今、俺は命を狙われている。
半年前、社員食堂を切り盛りしていたチーフが斃れた。
脳溢血、ICUに一週間近く入った後に死んだそうだ。
チーフは十年前に俺が入社した頃からチーフと呼ばれていた。
きっとさらにその十年以上も前から呼ばれていたのだろう。
S&Wチーフスペシャルが得物だったからに違いない、俺はそう睨んでいる。
チーフは俺たち社員のために大盛り無料にしてくれていた恩人だった。
ところがどうだ。
彼の死後四十九日も待たないうちから、献立の幅は減る、食事の味は落ちる(顕著なのが鯖の味噌煮だ、大好物だったのに今は見るのも嫌だ)、大盛りは五十円増しになる。
今まで形だけの存在だった食券機は、全社員が利用することを義務付けられた。
売り場からの往復が面倒だから食券をまとめ買いしておけば、ご丁寧に俺でも読めるくらいの文字で『食券の利用は当日限りです』なんて張り紙までされた。
お陰で俺は毎度毎度「日替わり定食」「大盛り」「単品唐揚げ」「単品唐揚げ」あの忌々しいボタンを四回も、いつもより五十円も多く払って押す羽目になっちまった。

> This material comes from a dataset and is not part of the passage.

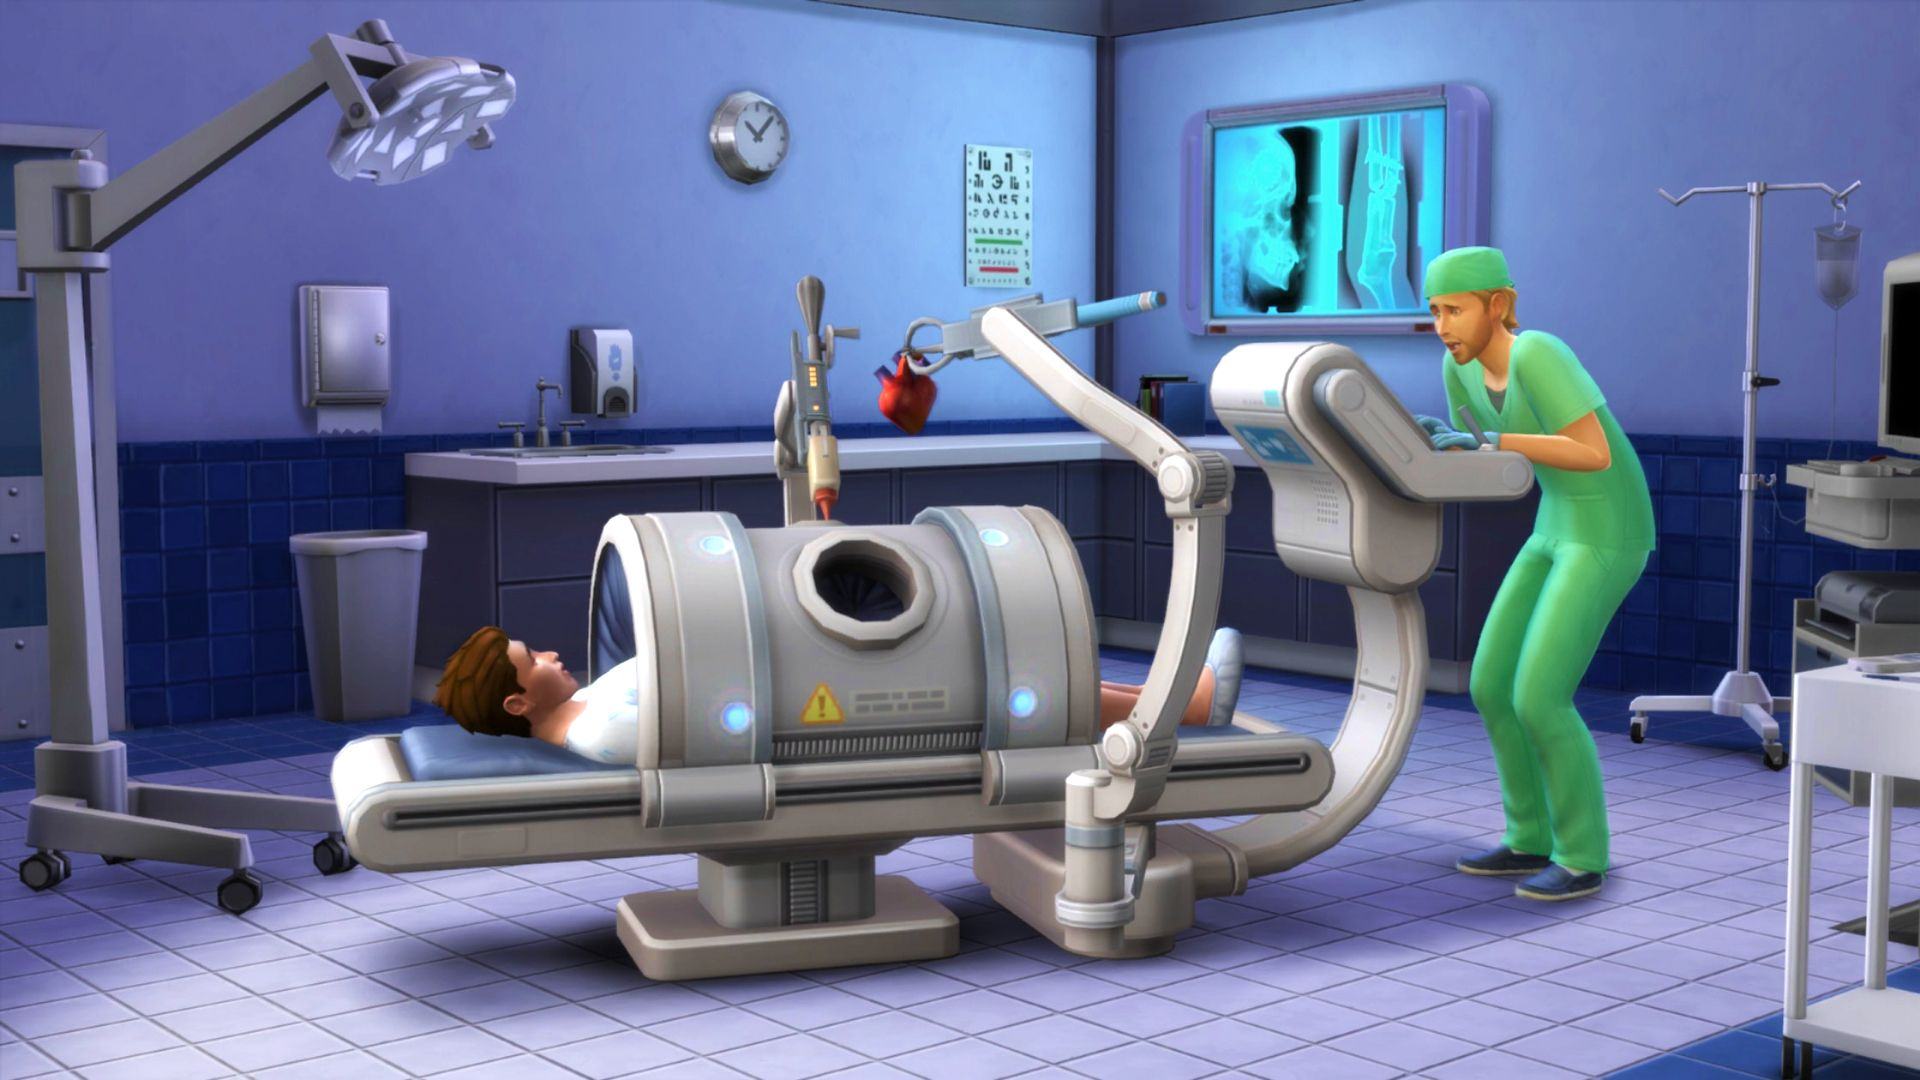 The Sims 4 Doctor Sim Operating On Patient Sim In Hospital

以前は一個三十円だった唐揚げは、二度の値上げを挟んで今の値段になった。
それはいい。
クソッタレな社会がもっともっとクソッタレになっただけだ、俺でも知ってる。
チーフだって苦渋の決断だったに違いない。
ただ、昔は百円で三個も食えて釣りが来た唐揚げだって、今じゃたった二つ。
ウチの台所事情はそういう事かって疑いたくなるのも無理ないだろ?
制度変更の頃に経理部長が、わざわざ食堂で俺に近寄って
「もう大盛りタダじゃ無くなっちゃいますね。」
なんて言いやがるもんだから、どう見たってこりゃ俺に対する兵糧攻めじゃないですかなんて鎌かけてやった。
奴さん、ニタニタ笑うだけで何も言わなかったがな。
永遠のものなんてない。
俺の食欲だって同じだ。
だから五十過ぎには連中と同じくご飯の量を半分にしてもらうに決まってる。
なんで今その前借ができない?なんで半ライスが五十円引きになっていない?
五十円出した大盛りは前に比べてこれ見よがしに盛られるようになったもんだから、おかずが足りなくて二つも余計に唐揚げを買う羽目になってる。
アイツらは一体、俺からいくら搾取する気なんだ。
呼び出しの電話が鳴ってる、もう行かなきゃならん。
これを読んでるあんたが、ウチの“カンパニー”の人間じゃない事を祈るよ。